Act current to 2024-02-20 and last amended on 2024-01-01. Previous Versions

PART IXGoods and Services Tax (continued)

DIVISION VIIMiscellaneous (continued)

SUBDIVISION ATrustees, Receivers and Personal Representatives (continued)

Marginal note:Inter vivos trust

 For the purposes of this Part, where a person settles property on an inter vivos trust,

  • (a) the person is deemed to have made and the trust is deemed to have received a supply by way of sale of the property; and

  • (b) the supply is deemed to have been made for consideration equal to the amount determined under the Income Tax Act to be the proceeds of disposition of the property.

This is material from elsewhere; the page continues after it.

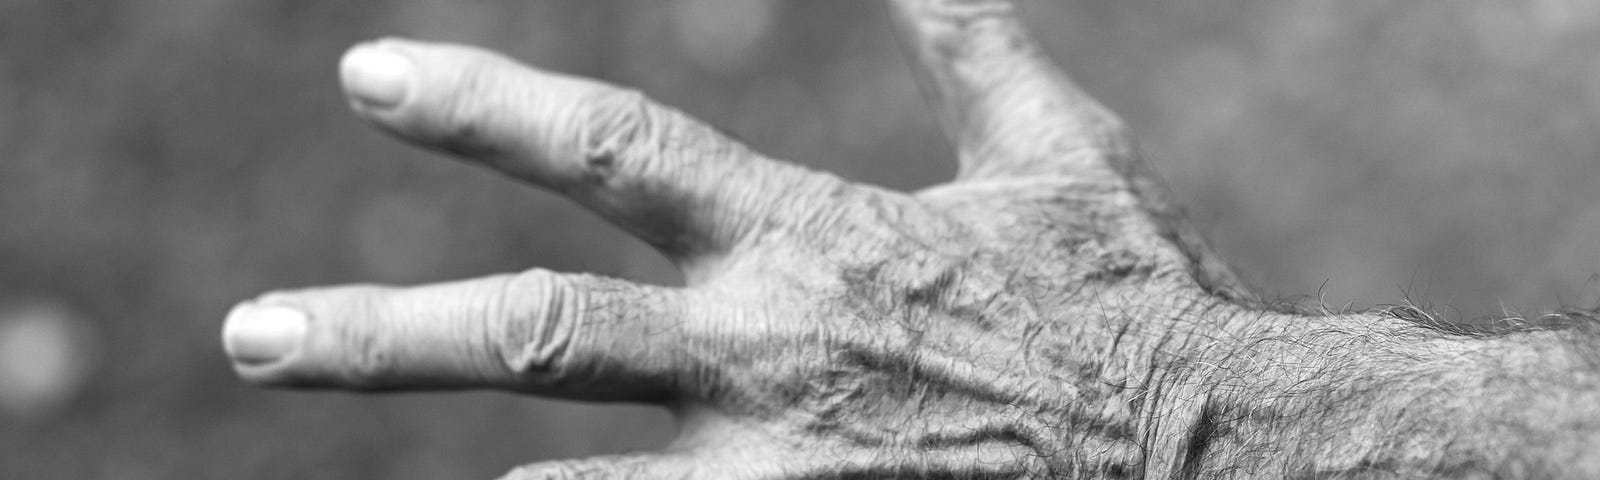 Black and white photo of an elderly woman’s hand.

  • [NOTE: Application provisions are not included in the consolidated text
  • see relevant amending Acts and regulations.]
  • 1990, c. 45, s. 12
  • 1997, c. 10, s. 73

Marginal note:Distribution by trust

 For the purposes of this Part, where a trustee of a trust distributes property of the trust to one or more persons, the distribution of the property is deemed to be a supply of the property made by the trust at the place at which the property is delivered or made available to the persons and for consideration equal to the amount determined under the Income Tax Act to be the proceeds of disposition of the property.

  • [NOTE: Application provisions are not included in the consolidated text
  • see relevant amending Acts and regulations.]
  • 1990, c. 45, s. 12
  • 1997, c. 10, ss. 73, 231

Marginal note:Definitions

  •  (1) In this section,

    receiver

    receiver means a person who is a receiver within the meaning assigned by subsection 266(1); (séquestre)

    representative

    representative means

    • (a) a person, other than a trustee in bankruptcy or a receiver, who is administering, winding up, controlling or otherwise dealing with any property, business, commercial activity or estate of a registrant, and

    • (b) a trustee of a trust that is a registrant. (représentant)

  • Marginal note:Certificates for receivers

    (2) Every receiver shall, before distributing to any person any property or money under the control of the receiver in the receiver’s capacity as receiver, obtain a certificate from the Minister certifying that all amounts that are, or can reasonably be expected to become, payable or remittable under this Part by the receiver in that capacity in respect of the reporting period during which the distribution is made, or any previous reporting period, have been paid or that security for the payment or remittance of the amounts has, in accordance with this Part, been accepted by the Minister.

  • Marginal note:Certificates for representatives

    (3) Every representative of a registrant shall, before distributing to any person any property or money under the control of the representative in the representative’s capacity as the representative, obtain a certificate from the Minister certifying that

    • (a) all amounts that are payable or remittable by the registrant under this Part in respect of the reporting period during which the distribution is made, or any previous reporting period, and

    • (b) all amounts that are, or can reasonably be expected to become, payable or remittable under this Part by the representative in that capacity in respect of the reporting period during which the distribution is made, or any previous reporting period,

    have been paid or that security for the payment or remittance of the amounts has, in accordance with this Part, been accepted by the Minister.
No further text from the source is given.